Check out the latest imagineered Audi from Theophilus Chin. Earlier this week we featured his take on a B8 RS 4 with the latest facelift changes and now he's put together a production-looking 2-door take on the A3 sedan concept shown last spring in Geneva.

*So What Do We Think?*
First and foremost, Chin's re-working of the A3 sedan takes it in a more production-looking direction, which helps envision the car. Audi design boss Stefan Sielaff said the production A3 sedan will be just a bit taller than the A3 concept and this appears to have the more aggressive proportions of the show car. Also, it retains the frowning lower intakes with aluminum trim at the front that likely hint at the next-gen RS 3's own appearance... but that's a guess on our part.

As for a two-door coupe like Chin's proposal above, we've heard nothing of such a body style thus far. That's not to say it couldn't happen though. It's known that the next-generation A3 Cabriolet will be based on the notchback sedan bodystyle, meaning stampings like doors and interior trim will be in place for a two-door version. It wouldn't be **that** hard for Audi to add this bodystyle... at least it'd be a lot easier than generations past.

It's obvious that the A5 and all S/RS variants have been a sales success for Audi. Might a coupe on the A3 level also add to the volume without cannibalizing the A5? Time will tell. That Audi hasn't mentioned such a body configuration isn't exactly positive, but that doesn't mean it couldn't happen.

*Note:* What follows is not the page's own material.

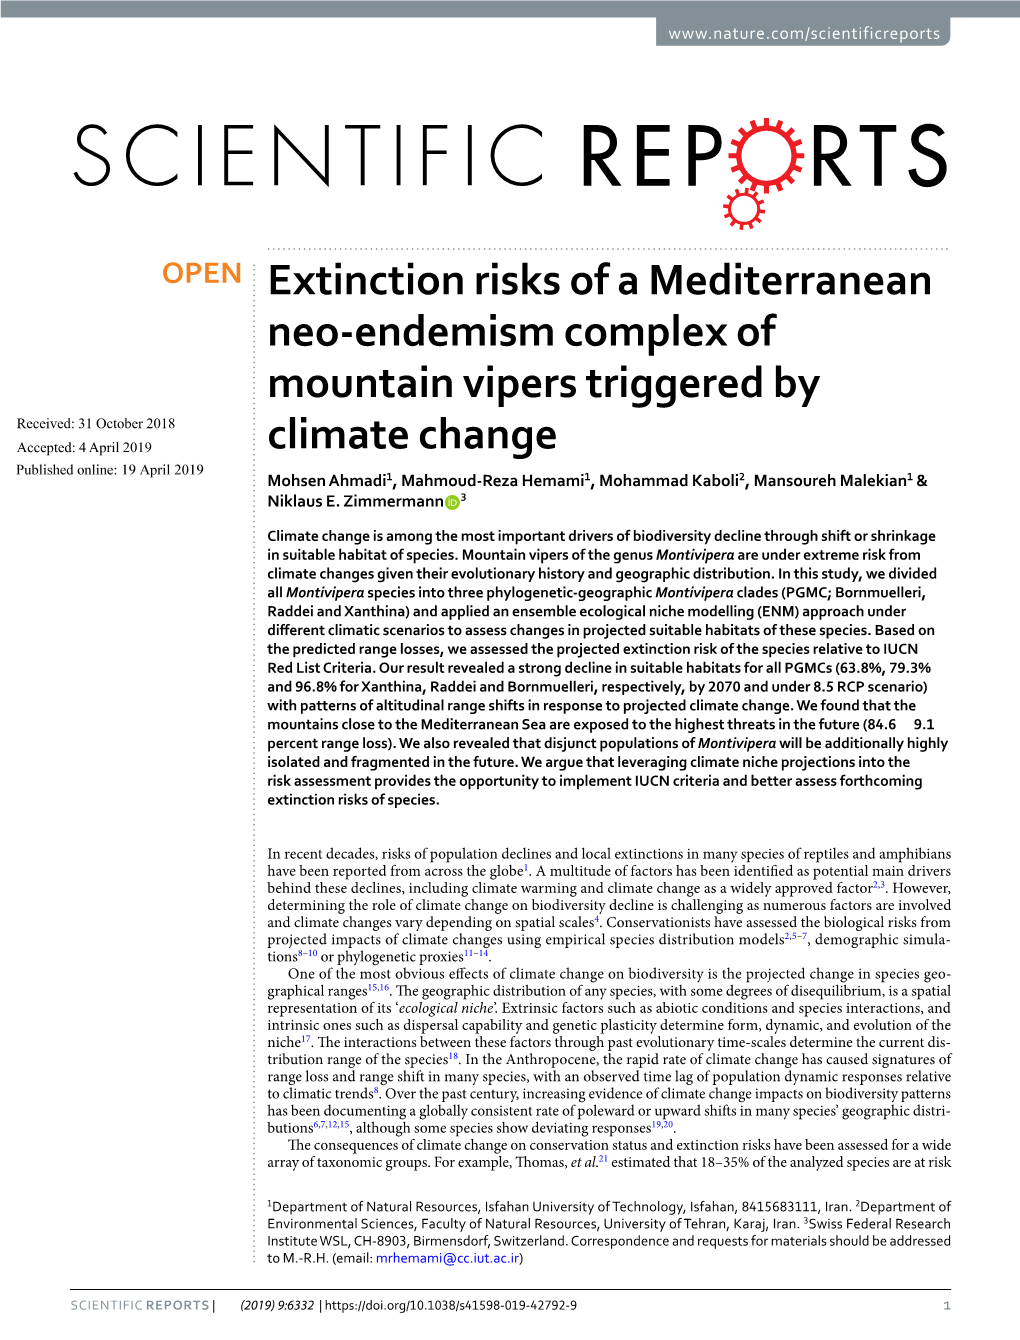 Extinction Risks of a Mediterranean Neo-Endemism Complex Of

Check out a rear view and the above shot in high-res at Theophilus Chin's website linked below.

* Full Story *


----------



## R5T (Apr 7, 2010)

This would make a next Gen Audi TT totally superfluous.


----------



## [email protected] (Apr 9, 2004)

R5T;bt1369 said:


> This would make a next Gen Audi TT totally superfluous.


Maybe... maybe not. If it's steel and heavier than the TT, not as exotic, etc. In remote importer markets like the USA you might be right... but in the EU I suspect there's room for both.


----------